Supplied information Block Start

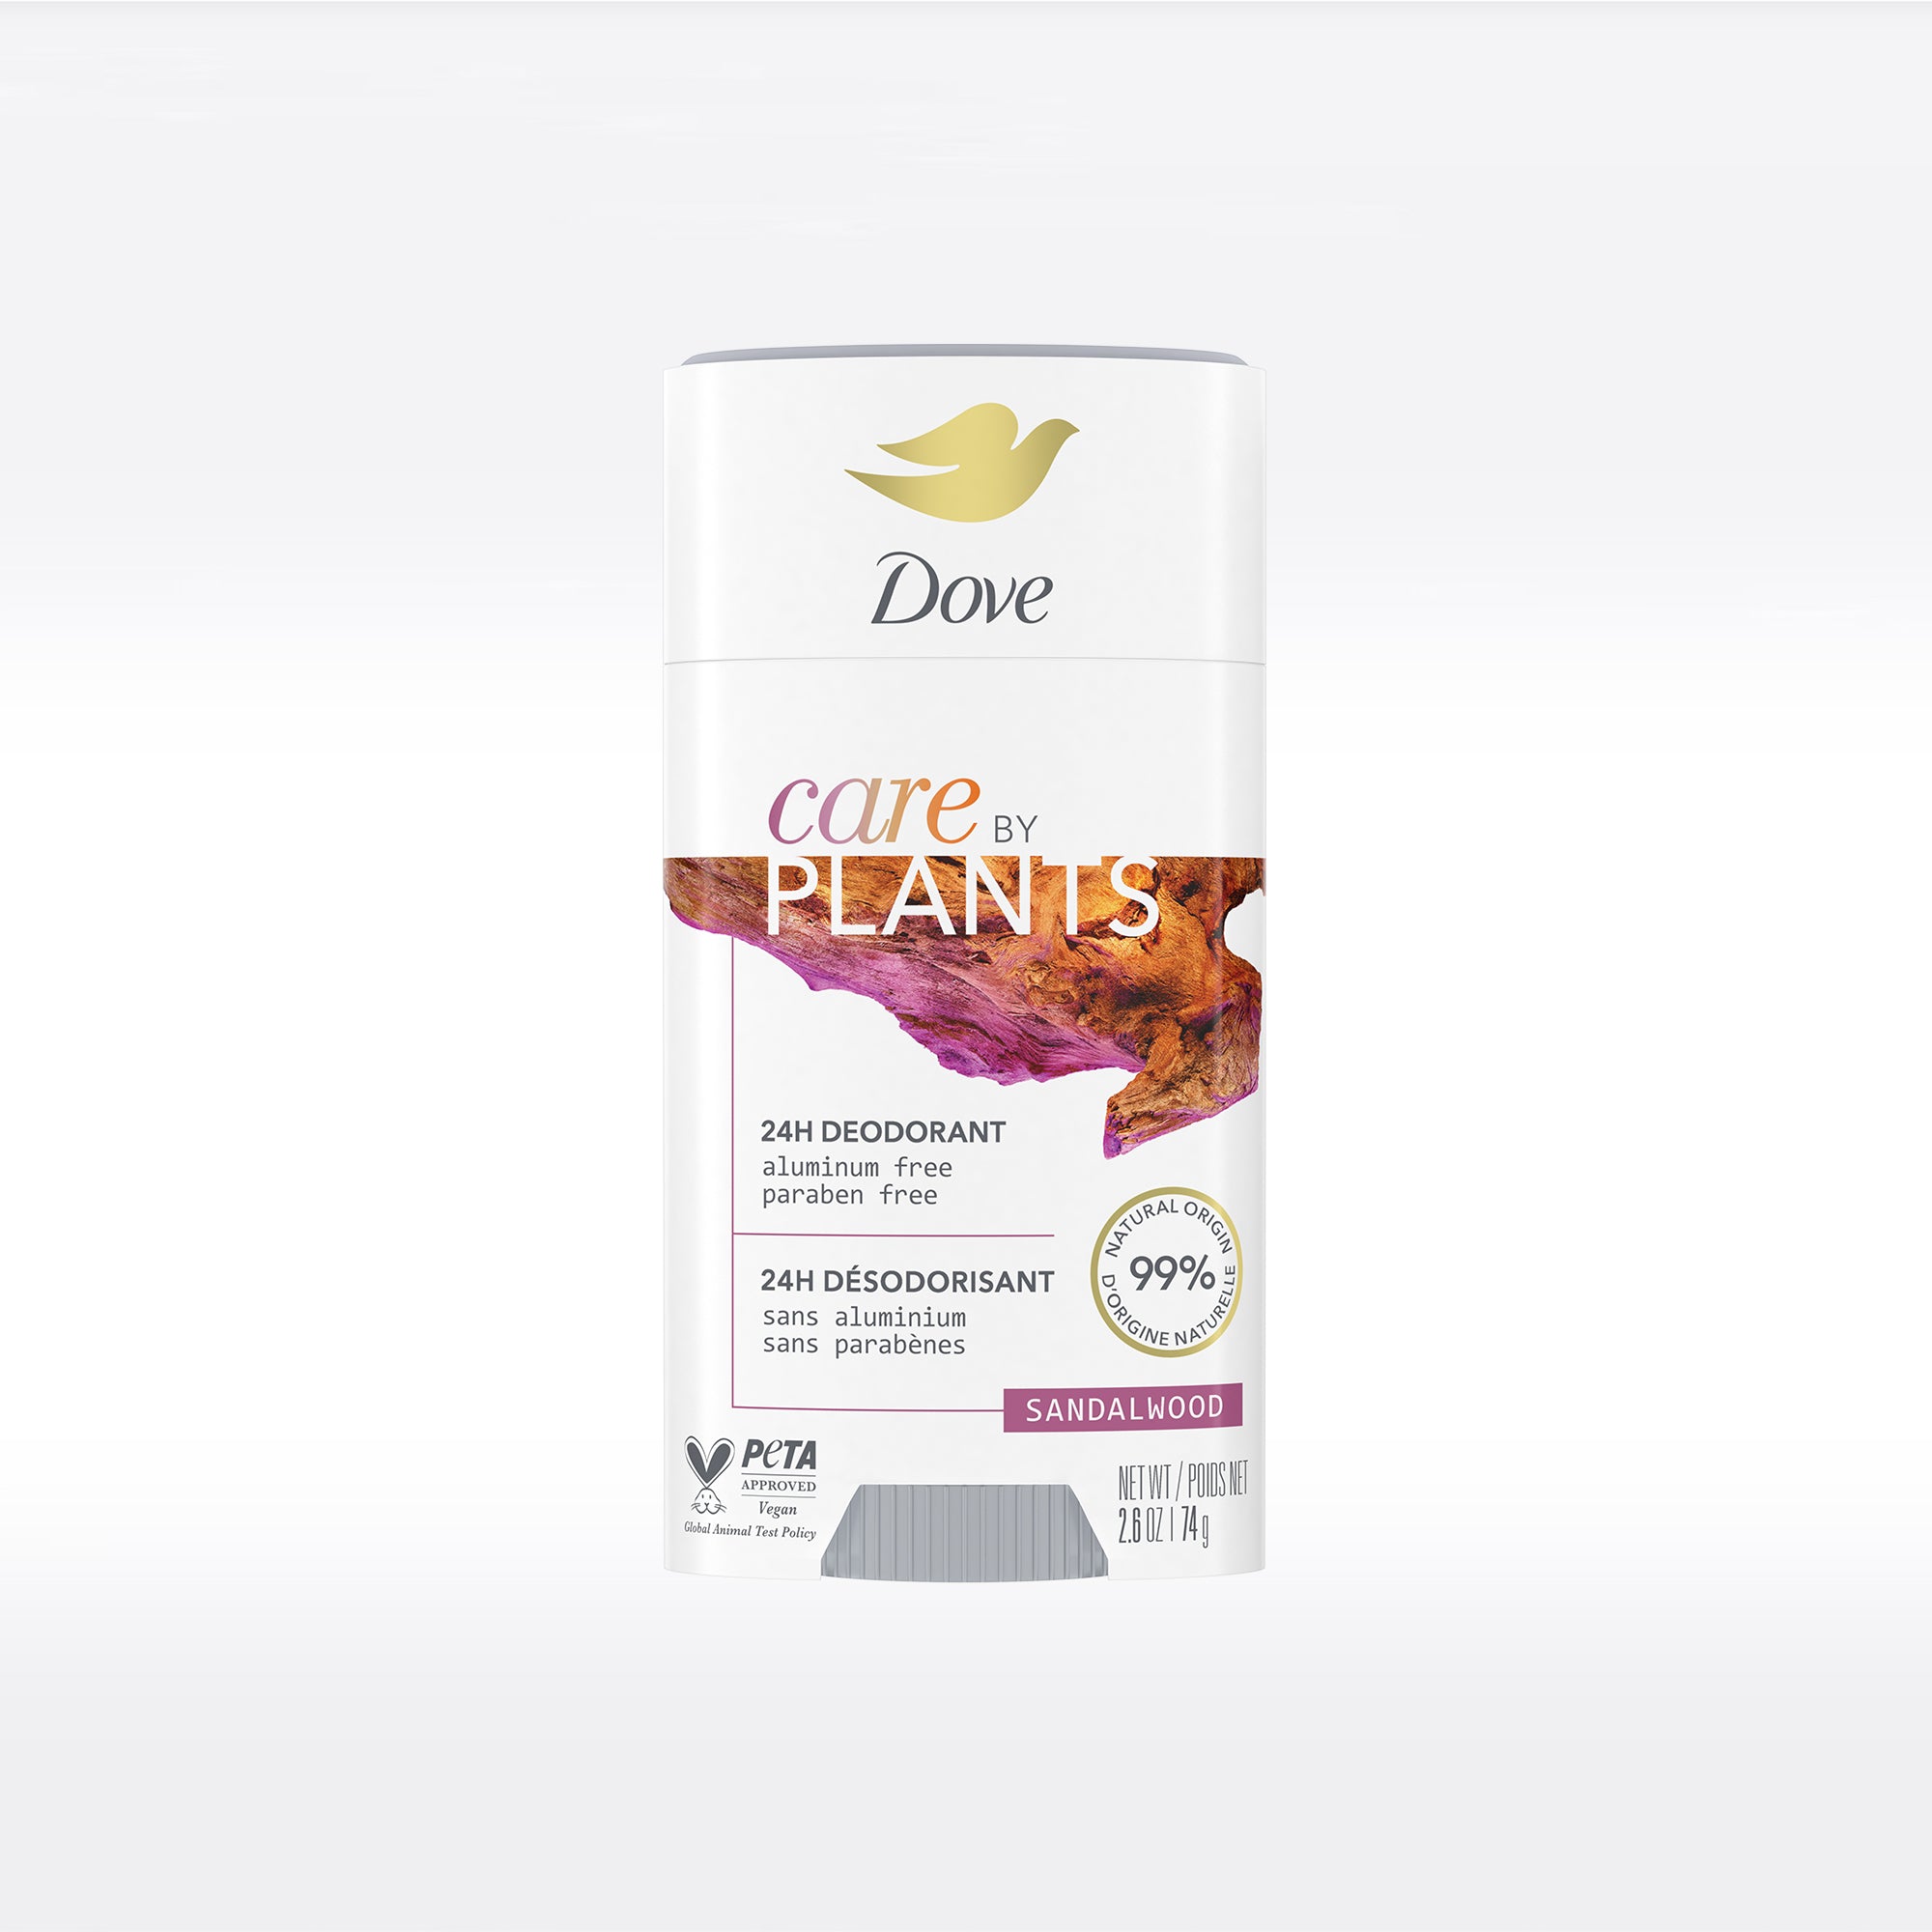 Dove Care by Plants Sandalwood Deodorant
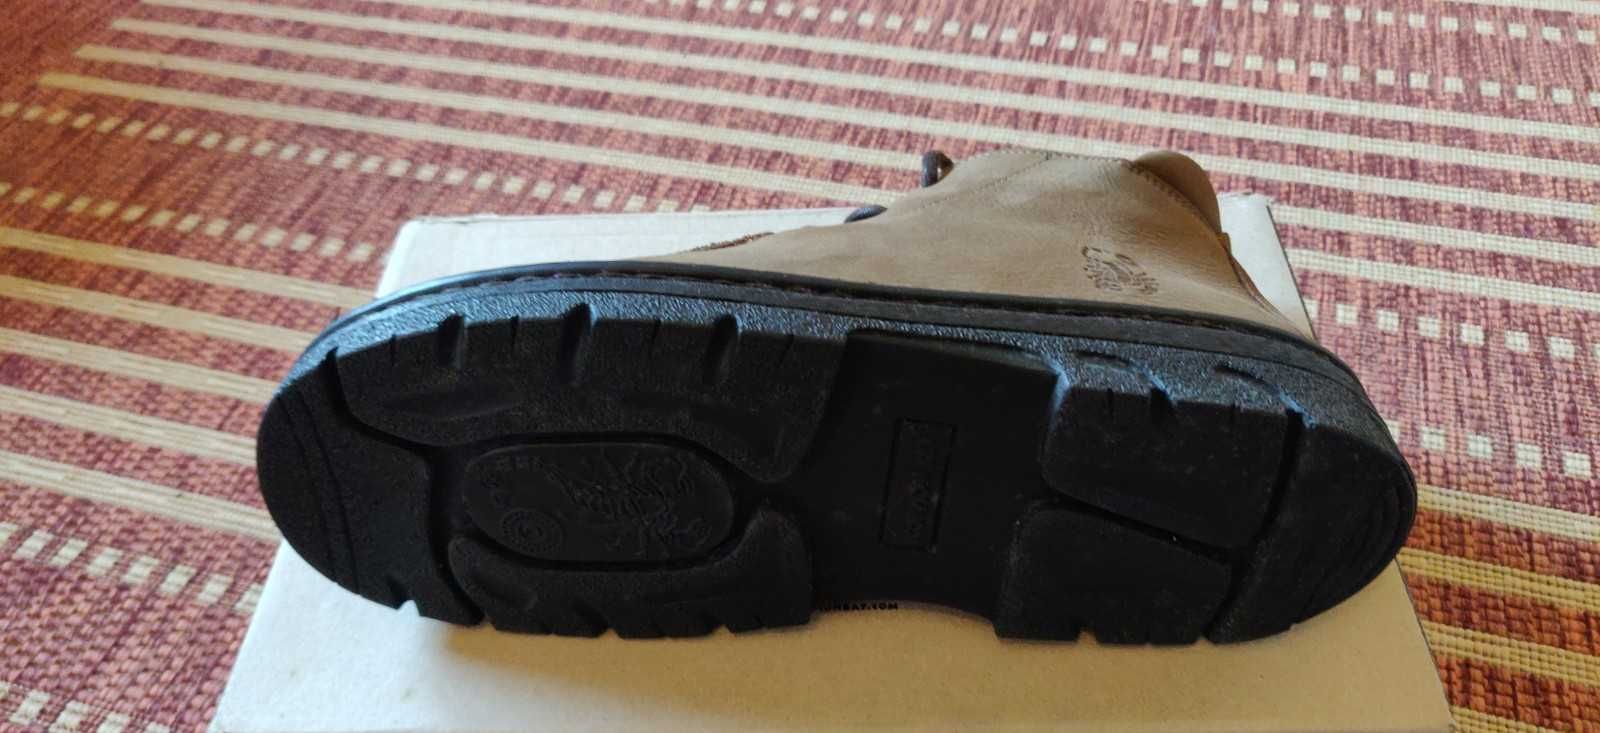 Sapatos Castanhos Scorpion Bay tamanho 43 - Estilo Surf / Body board
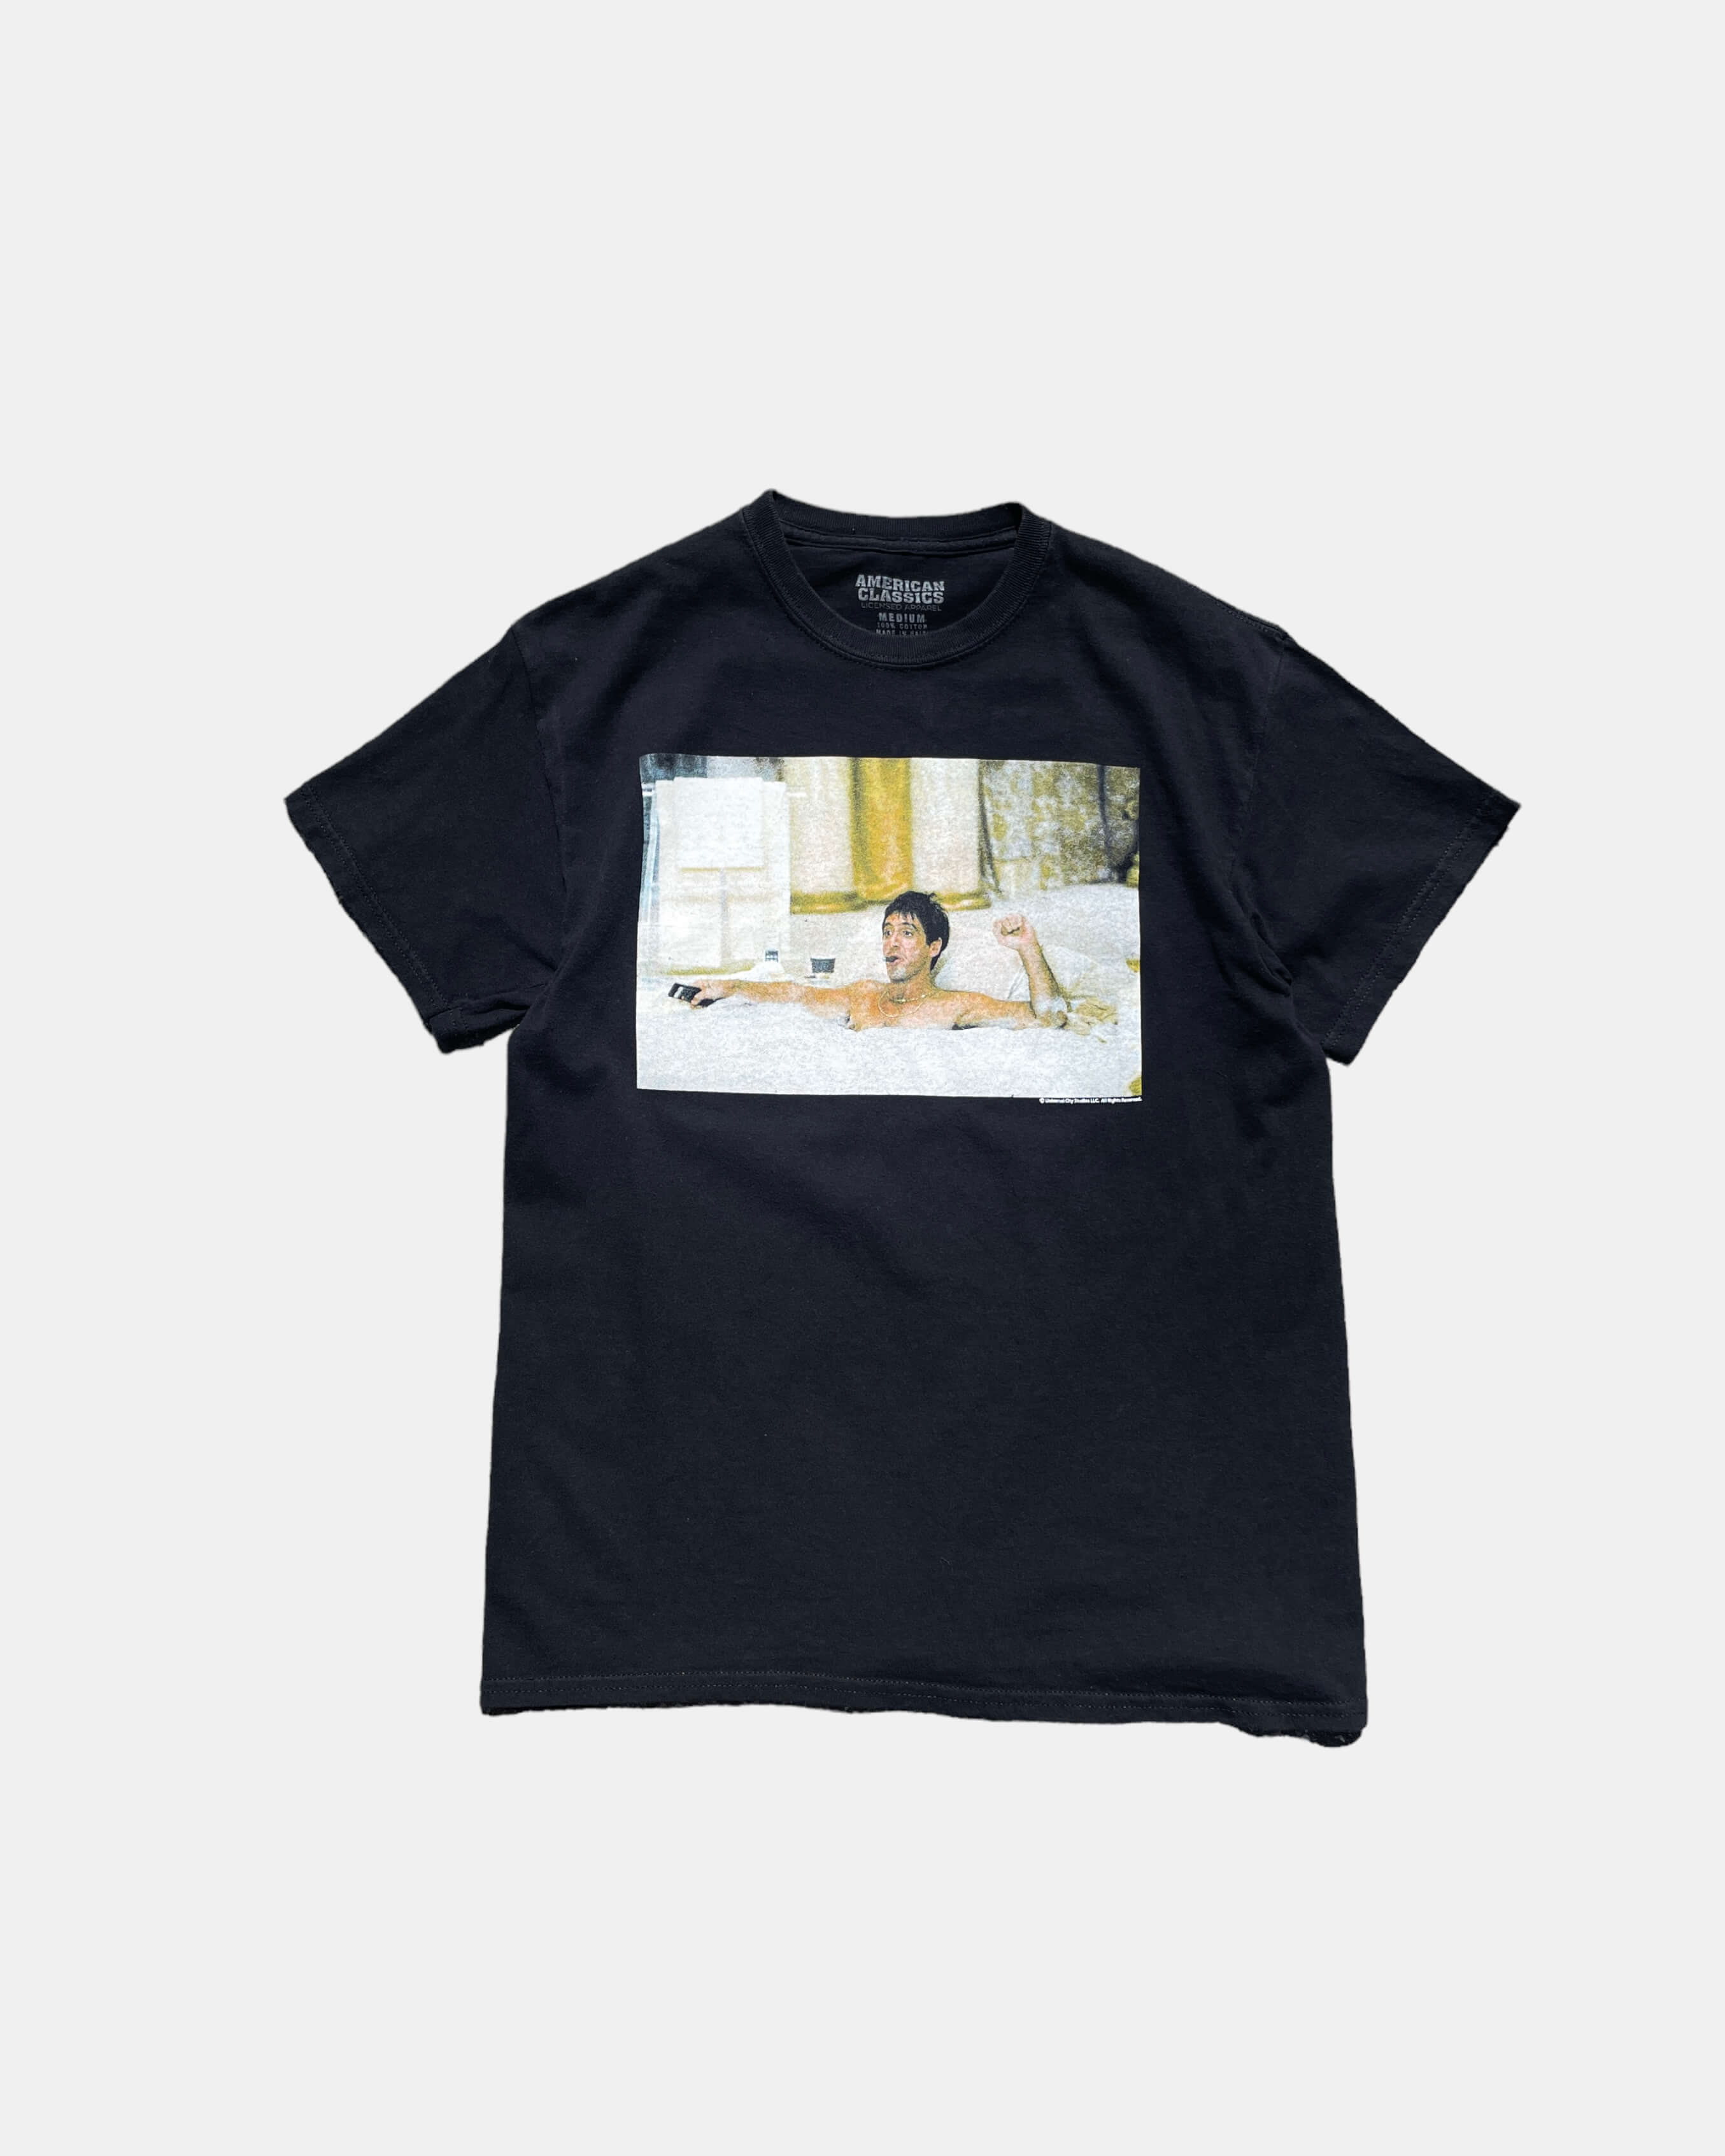 Vintage Alpacino Scarface T-shirts

Supplied information Block End

* **Exercise**: Whenever you reach a picture, pass over it; print all the other material exactly.

* **Response**:
 Dove Care by Plants Sandalwood Deodorant
 Sapatos Castanhos Scorpion Bay tamanho 43 - Estilo Surf / Body board
 Vintage Alpacino Scarface T-shirts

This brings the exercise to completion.